● **EXERCISE DESCRIPTION**
Return the data below unchanged. Drop any pictures.

● **EXERCISE DATA**
──────────────────────────────
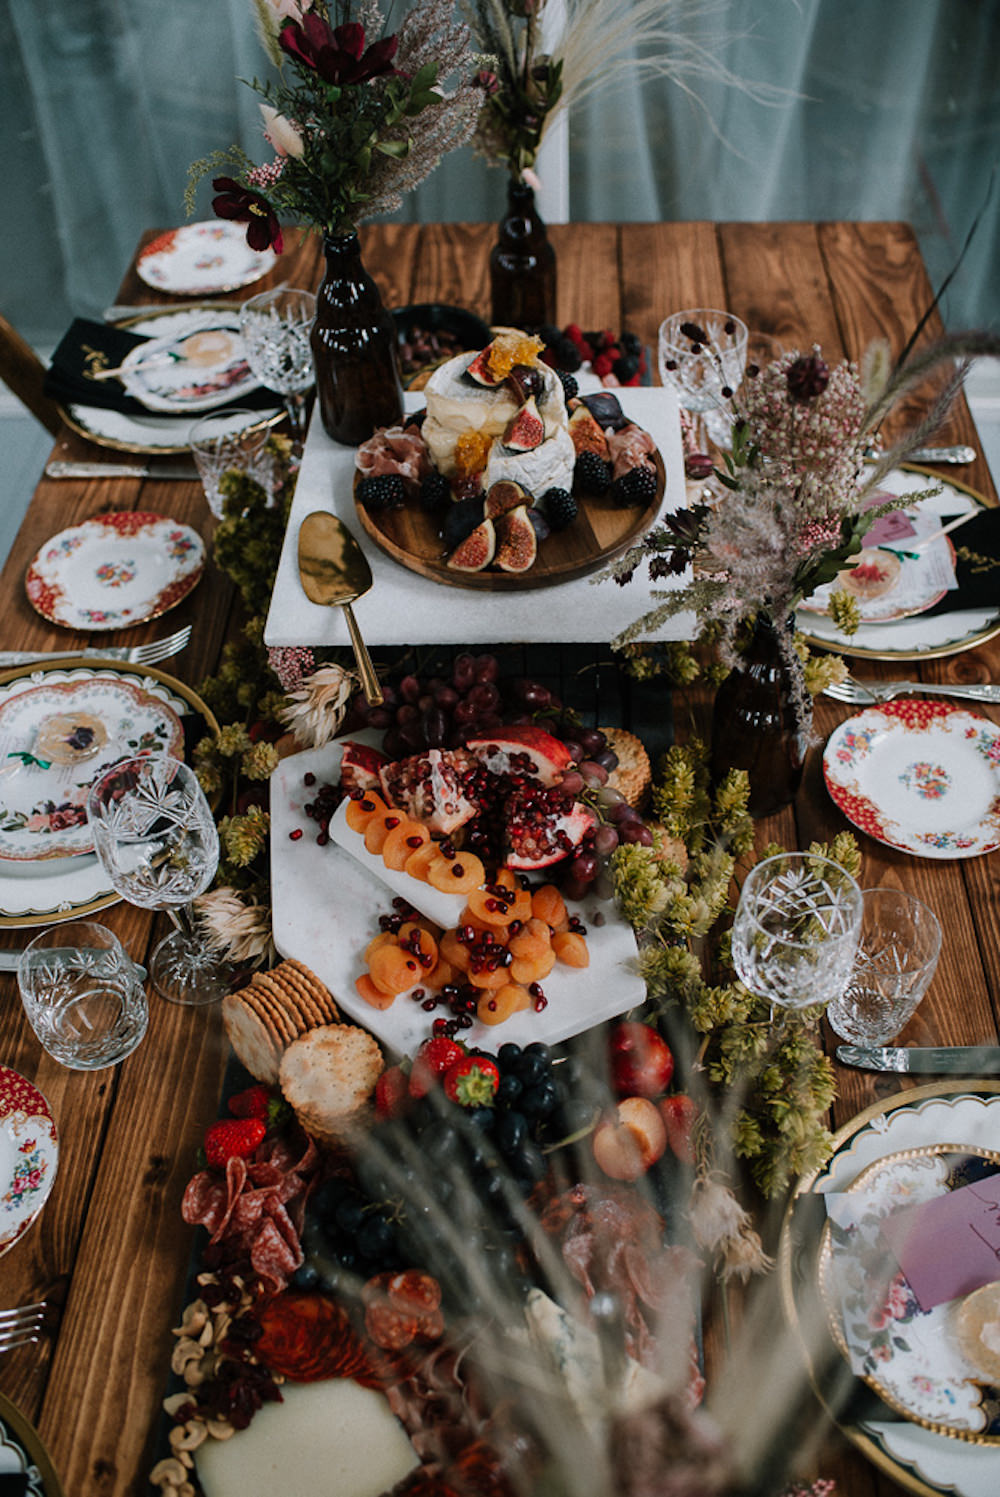 Grazing Table Sharing Platter Unconventional Wedding Ideas Pierra G Photography
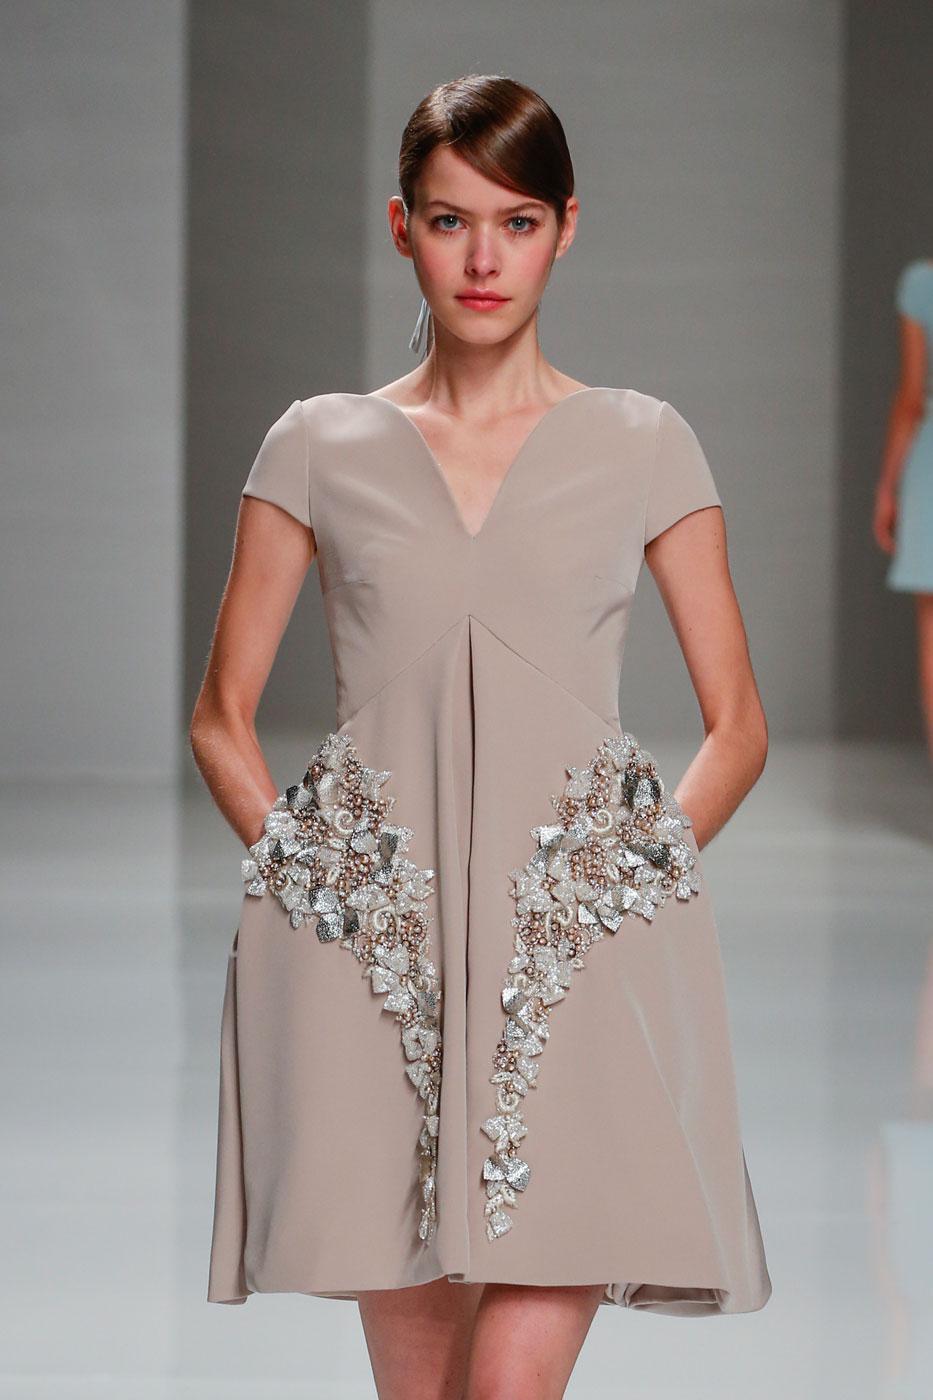 Georges-Hobeika-fashion-runway-show-haute-couture-paris-spring-2015-the-impression-30
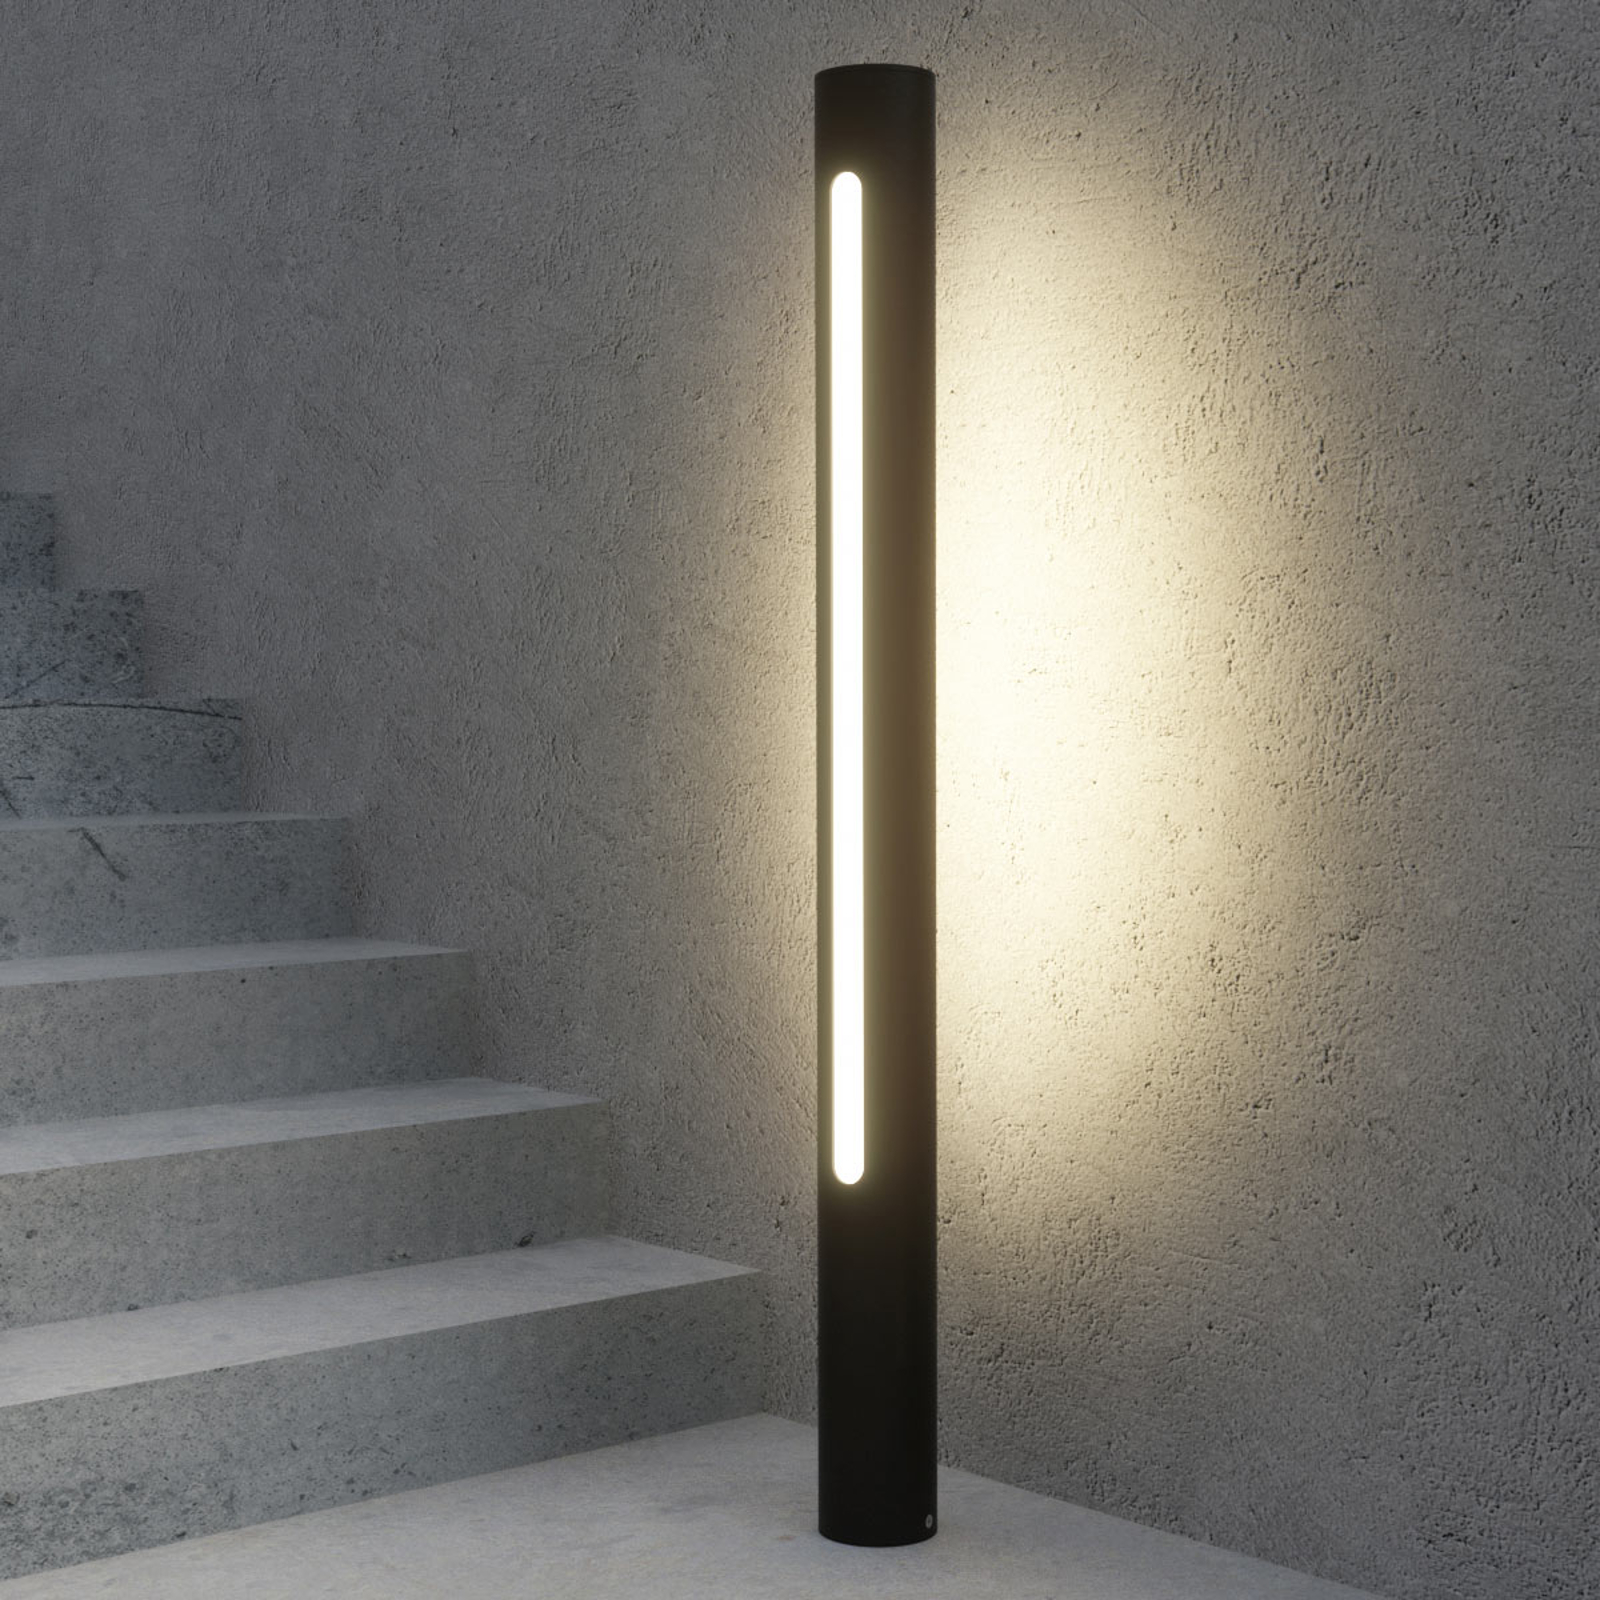 LED-Wegelampe Tomas, dunkelgrau
──────────────────────────────
● **ANSWER BOX**
 Grazing Table Sharing Platter Unconventional Wedding Ideas Pierra G Photography
 Georges-Hobeika-fashion-runway-show-haute-couture-paris-spring-2015-the-impression-30
 LED-Wegelampe Tomas, dunkelgrau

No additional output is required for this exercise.